To maximize the ability of your organization's participants to claim a charitable deduction, you should provide them with written acknowledgement shortly after the end of the calendar year (if not earlier). Such acknowledgement must be "contemporaneous" which is generally defined as no later than the due date for filing the tax return of the participant (April 15 for most). We refer you to IRS Publication 1771 for more information on this and any other questions about charitable contribution reporting. It is available at https://www.irs.gov/pub/irs-pdf/p1771.pdf
20. How can we learn more about end-of-year charitable contribution reporting?
The IRS has published a very user-friendly paper on this topic that they call Publication 1771. It is available at https://www.irs.gov/pub/irs-pdf/p1771.pdf.
21. What should we do if our gift card fundraising program issued 1099s to our participants last year?
For advice on how to handle this issue, we refer you to your local tax professionals.
22. Do our fundraising program participants need a copy of the new PLR?
No. This PLR was issued by the IRS for a specific taxpayer who requested it. Your participants do not need it for their tax returns. This information has been prepared for the customers of RaiseRight, LLC.
23. What is the Unrelated Business Income Tax (UBIT)?
For a complete explanation of UBIT, we refer you to the IRS website at: https://www.irs.gov/Charities-&-Non-Profits/Unrelated-Business-Income-Tax
24. How can our non-profit organization avoid UBIT issues from our gift card fundraising program?
The easiest way is to operate "substantially all" your fundraising program with volunteers. The IRS has defined “substantially all” as 85% of the work required to run your program.

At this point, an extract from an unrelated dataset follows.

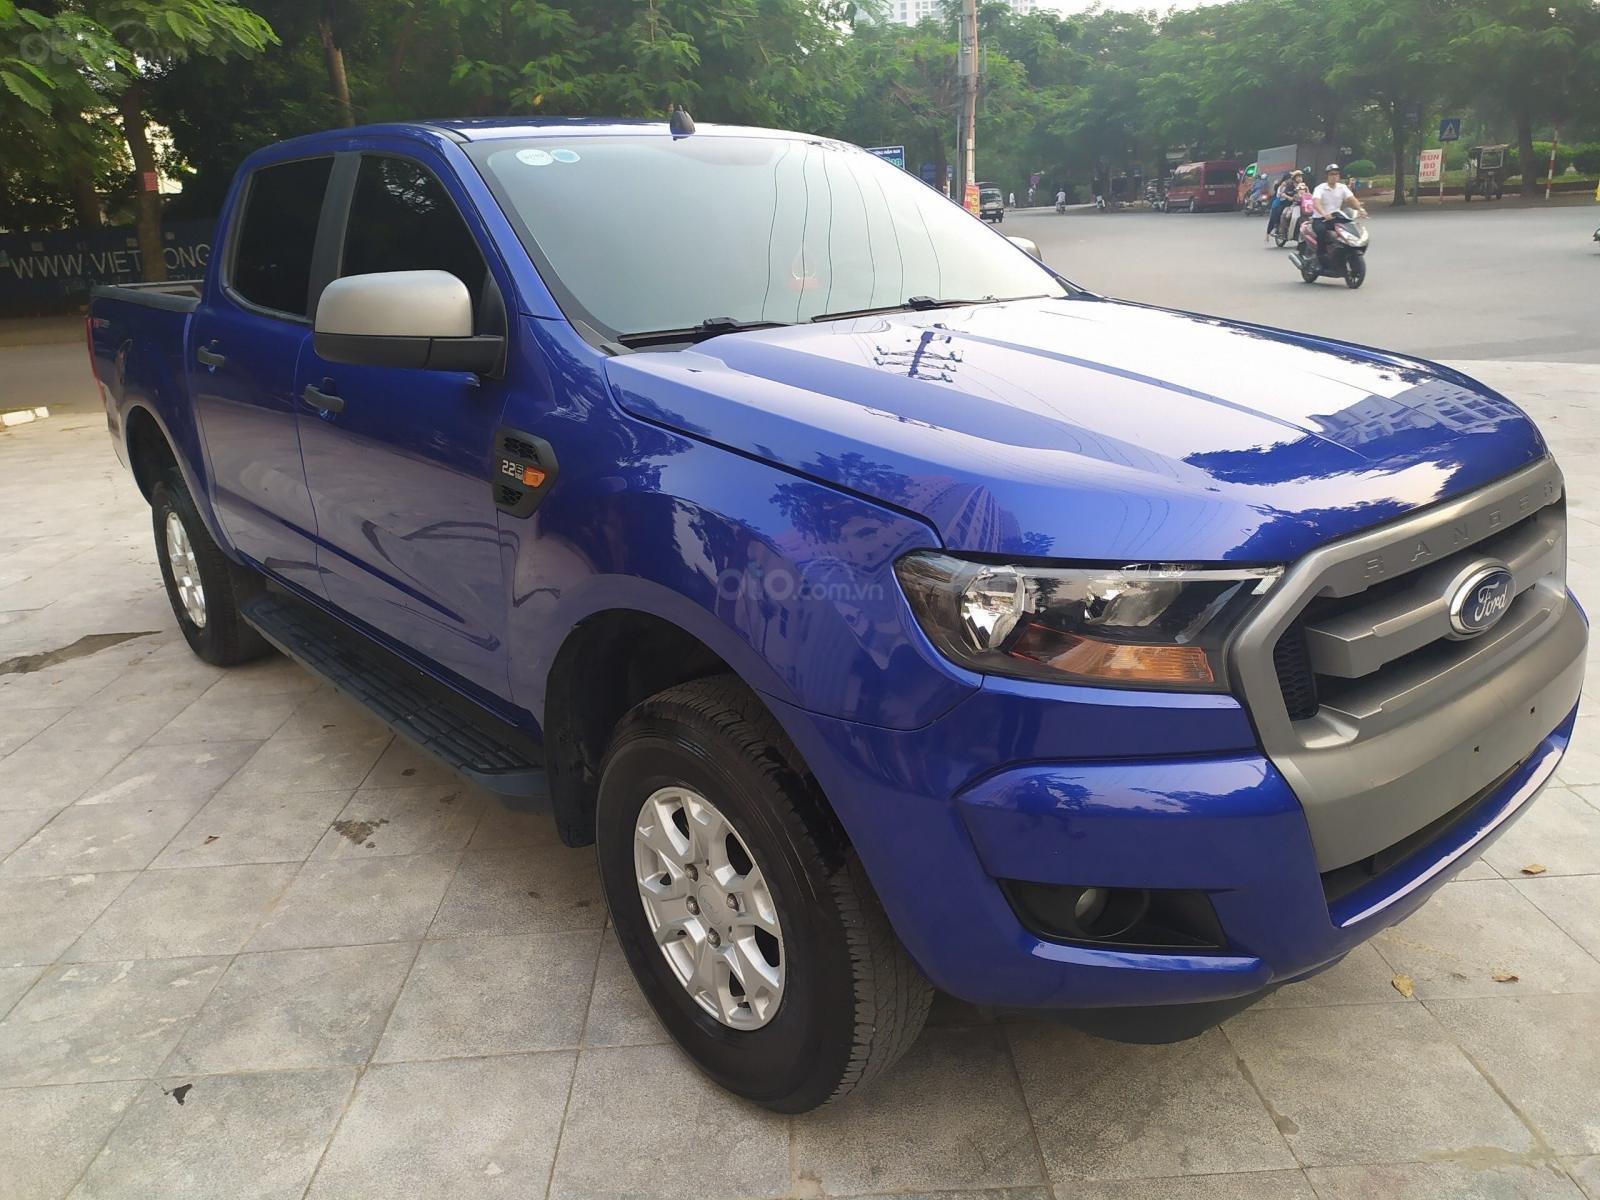 Cần bán xe Ford Ranger năm 2016, màu xanh lam xe nhập giá chỉ 555 triệu đồng (3)

25. What do you mean by “85% of the work”? Are you talking about volunteer labor hours or amount of gift cards sold?
We are talking about 85% of the hours to run your gift card fundraising program. We recommend that a good first step is to have your volunteers and others involved in managing your program keep a diary or journal of the time they are spending, so you can determine with accuracy how much time is being spent by volunteers, and what percentage might be performed by organization employees.
26. What if we use an organization employee to manage our gift card fundraising program?
If your program is operated more than 15% of the time by employees of your organization, then you will need to consult with your local CPA to determine what, if any, unrelated business income tax liability you may have.
27. What if our organization doesn’t pay our volunteers, but compensates them for their time with gift cards? Do we still have a problem?
Any person who is involved in operating your gift card fundraising program, who is compensated for their time in any way (paycheck, gift cards, tuition credits, etc.), is not considered a volunteer.
28. How can RaiseRight.com and Scripware help our organization manage these tax topics?
Either application does a good job of helping you track family purchases, as well as making it easy for your families to place orders with your gift card fundraising program online, 24/7. Scripware (RaiseRight’s inventory management tool) has features that allow you to define each participant’s choices for allocating the rebates that they earn from their purchases. It also has features to make distribution of those rebates much easier.